Wireless only connects after Ethernet cable connection

Hi,

There's home wireless connection that my laptop won't connect to on its own. This wireless connects after the laptop has been connected to the router via the Ethernet cable, and stays connected with the cable unplugged until it drops (it's normal for my connection to drop sometimes), and then won't reconnect by itself again.

My wireless has wpa2-psk. OS is Vista.

Thank you.
 
Hey Sammy2. I assume your machine connected before with no connection issues.
Which Vista are you using,32 or 64 bit, and what Service Pack level is it on?
Do you have and use a good Anti-Virus/Anti-Malware cleaner?
When you lose your connection, is the Internet and wireless l.e.d.'s on the router still on?
Are there any other pc's that connect to this network?
When you state it won't connect again automatically, what do you do to get an Internet connection again?
 
Hi, thank you for the reply.

This machine is foreign and preowned, so not sure. However it connects to unsecured paid for wifi without any problems by itself.

Vista is 32bit. Don't know where to check the type of service pack.


The antivirus is AVG.

The led remains on and the same wireless appears in the search, but it won't reconnect automatically.

There is another laptop connected without a problem.

In order to connect again - I need to connect the laptop via the Ethernet to the router again and the wireless stays on until it drops again.

The problem is that the wireless will only connect when the Ethernet cable is used, but not by itself. Although if it's connected it works fine. I will try to update the drivers in the device manager and see if it helps.

Thank you.

Normally, if the internet doesn't reconnect aut. for me, I'd connect manually on 'connect to a network' window. When I try with this machine it says windows cannot connect to the wireless in q. Then ' diagnose the problem' option comes up, after clicking on that it says >“ wireless association failed due to an unknown reason“
 
Right click on My Computer and go to Properties, you should see the Service Pack (SP) level. Vista should be at SP2.
To me, it sounds like a problem in either the Vista software or the wireless driver if another pc stays connected at the same time.
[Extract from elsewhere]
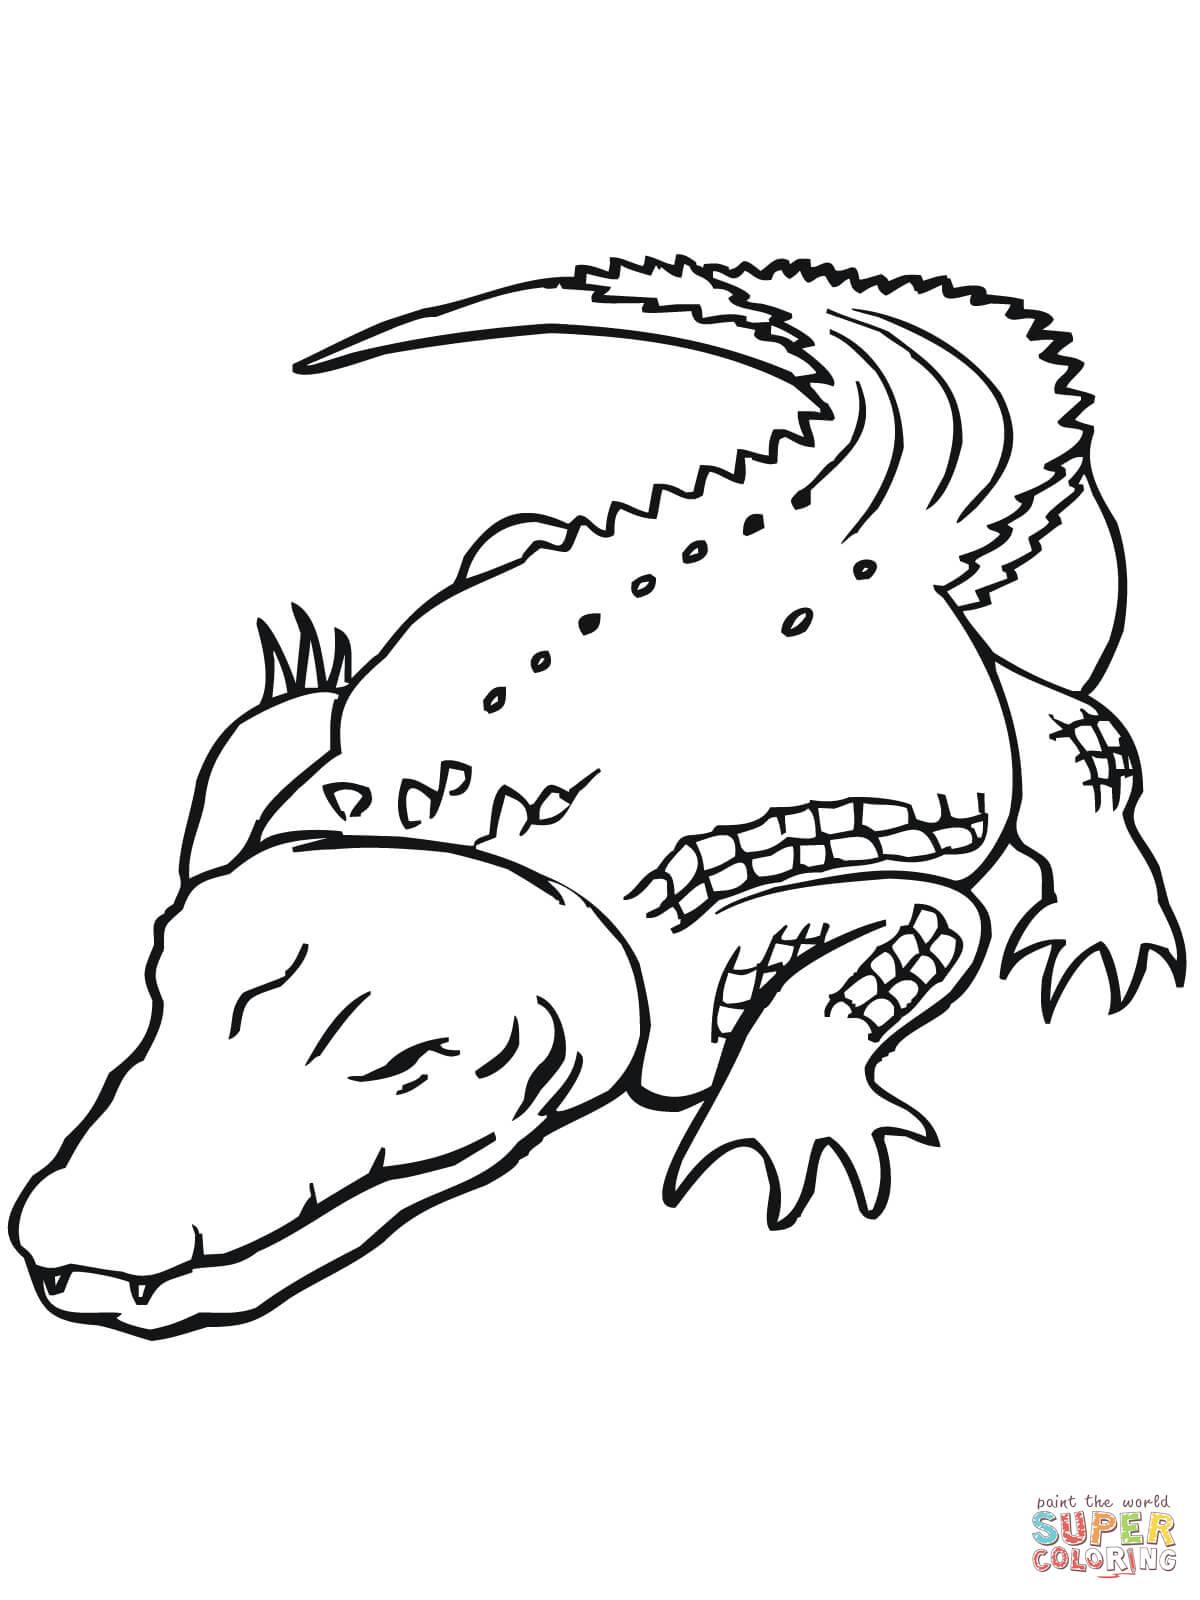 Australian Saltwater Crocodile Coloring Page | Free Printable - Free Printable Pictures Of Crocodiles

Can't figure out yet why a temp Ethernet connection enables a wireless connection, even though it's temporary.
 
It's sp2. The HD, wireless card and cpu were removed from a different laptop that connected to the same network fine. Current laptop previously had xp HD and had the same connection issue. What could it be?
 
Critical info. so,the current HD which is a 32bit version of Vista SP2 in this system came from another laptop. So now, you have an older pc (originally had XP) now using a newer OS (Vista). You have to know if there are Vista drivers available for this older pc,( not likely) not only for the motherboard components, but for any hardware added later. Did this Vista software come with a DVD, and if it did, did it have the name of the pc manufacturer on it, or just a Windows Vista title?. The problem as I see it is the potential problem of incompatabilities of older hardware ( this problem pc) with a newer OS (Vista) with the correct drivers not installed (or available), plus the fact that the Vista OS (if on a disk), may be OEM (Original Equipment Manufacturer), meaning it is made for the original pc it came installed on and not another pc.
I myself would try to locate a retail Win XP disk (could be difficult), or maybe someone that has a multi-user license XP disk you could use to format and install on this drive. I would download the drivers for the pc from the manufacturers web site and install the drivers. I remember this scenario from many years ago when my cousin installed a copy of XP on an older machine from the Win98 days. I had to reinstall Win98 to get it back to normal for her. I don't know if your wireless router is secured, but if you had connection issues when this pc had the XP drive, depending on it's age and the type of wireless encryption (WEP or WPA/2) you router is set for and the Service Pack level of the XP OS, there could have been compatability issues since I believe the earlier versions of XP didn't support WPA encryption, if memory serves.